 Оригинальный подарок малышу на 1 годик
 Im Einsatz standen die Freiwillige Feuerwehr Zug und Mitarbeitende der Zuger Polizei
══════════
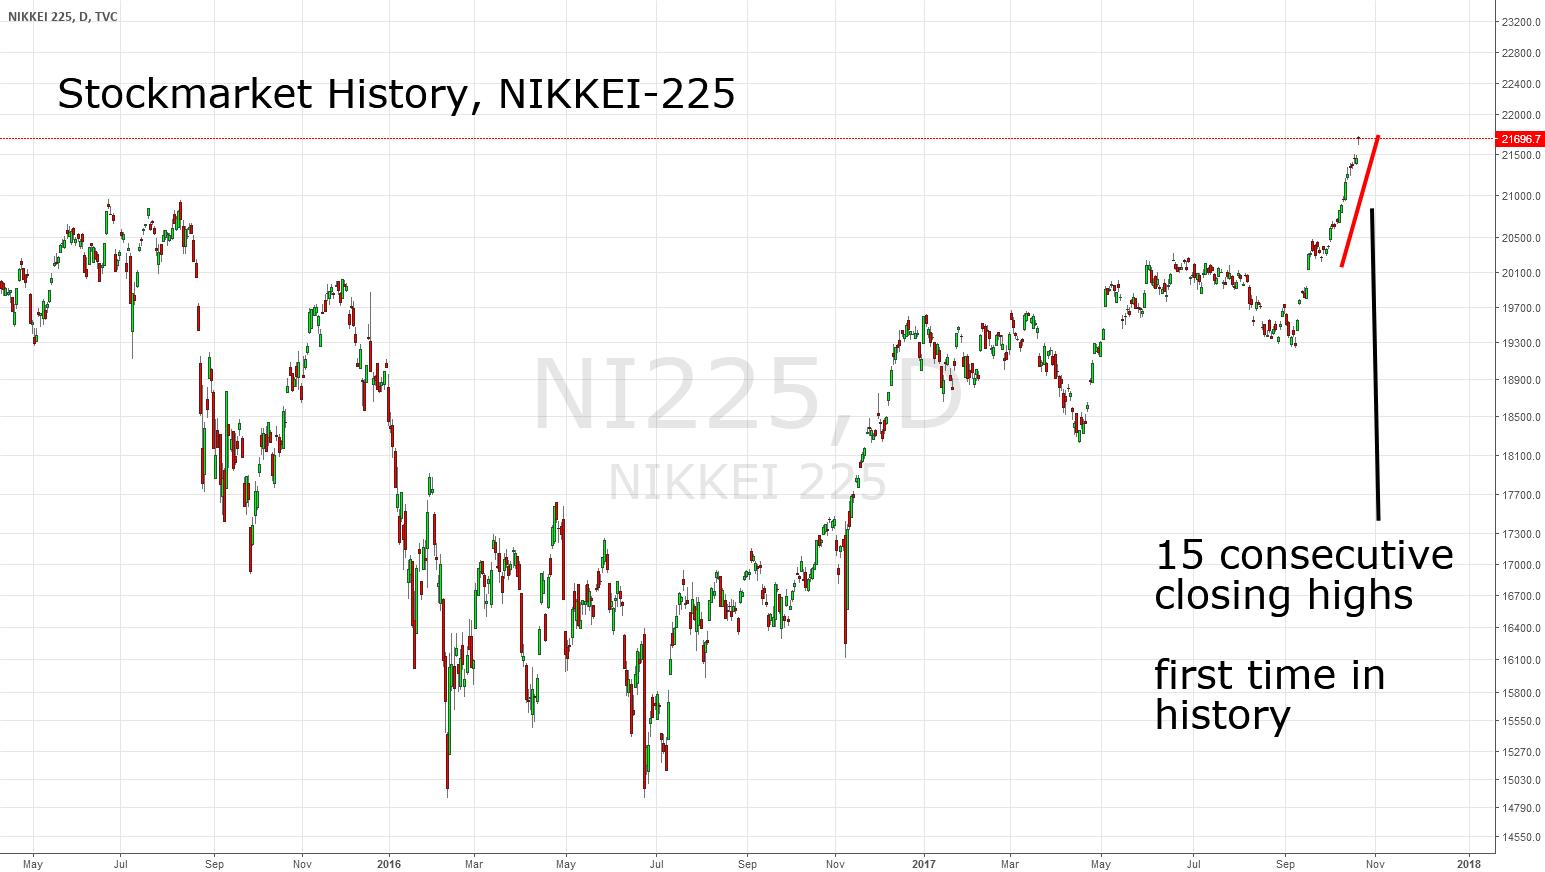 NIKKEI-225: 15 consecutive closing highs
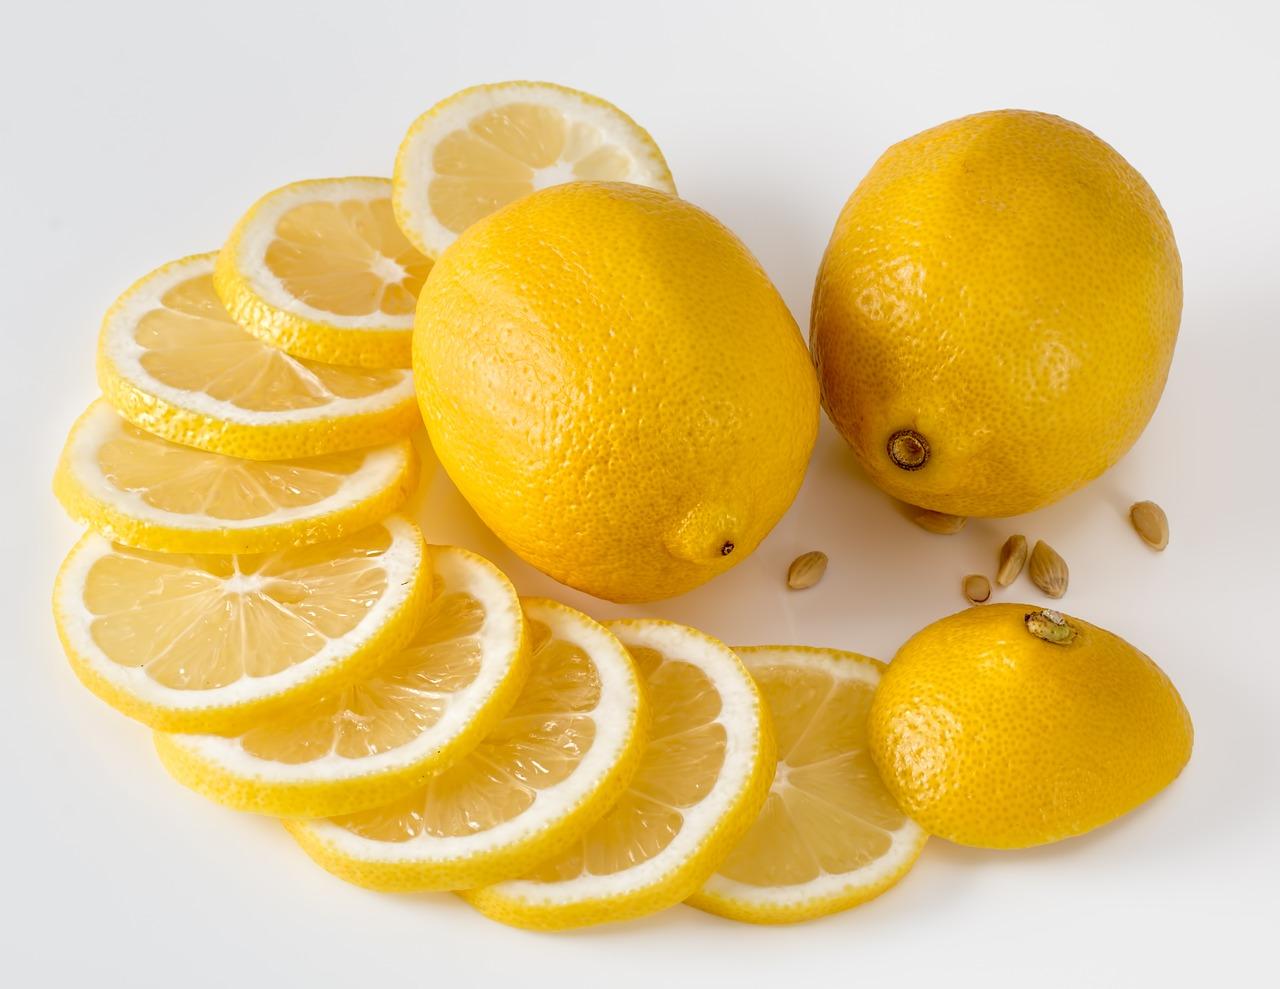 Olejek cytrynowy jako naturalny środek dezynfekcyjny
══════════
§ Work instruction
Repeat exactly the lines of the listing above, from the one with "Оригинальный подарок малышу на 1 годик" down to the one with "Im Einsatz standen"; both of those lines belong in the range.

§ Answer space
 Оригинальный подарок малышу на 1 годик
 Im Einsatz standen die Freiwillige Feuerwehr Zug und Mitarbeitende der Zuger Polizei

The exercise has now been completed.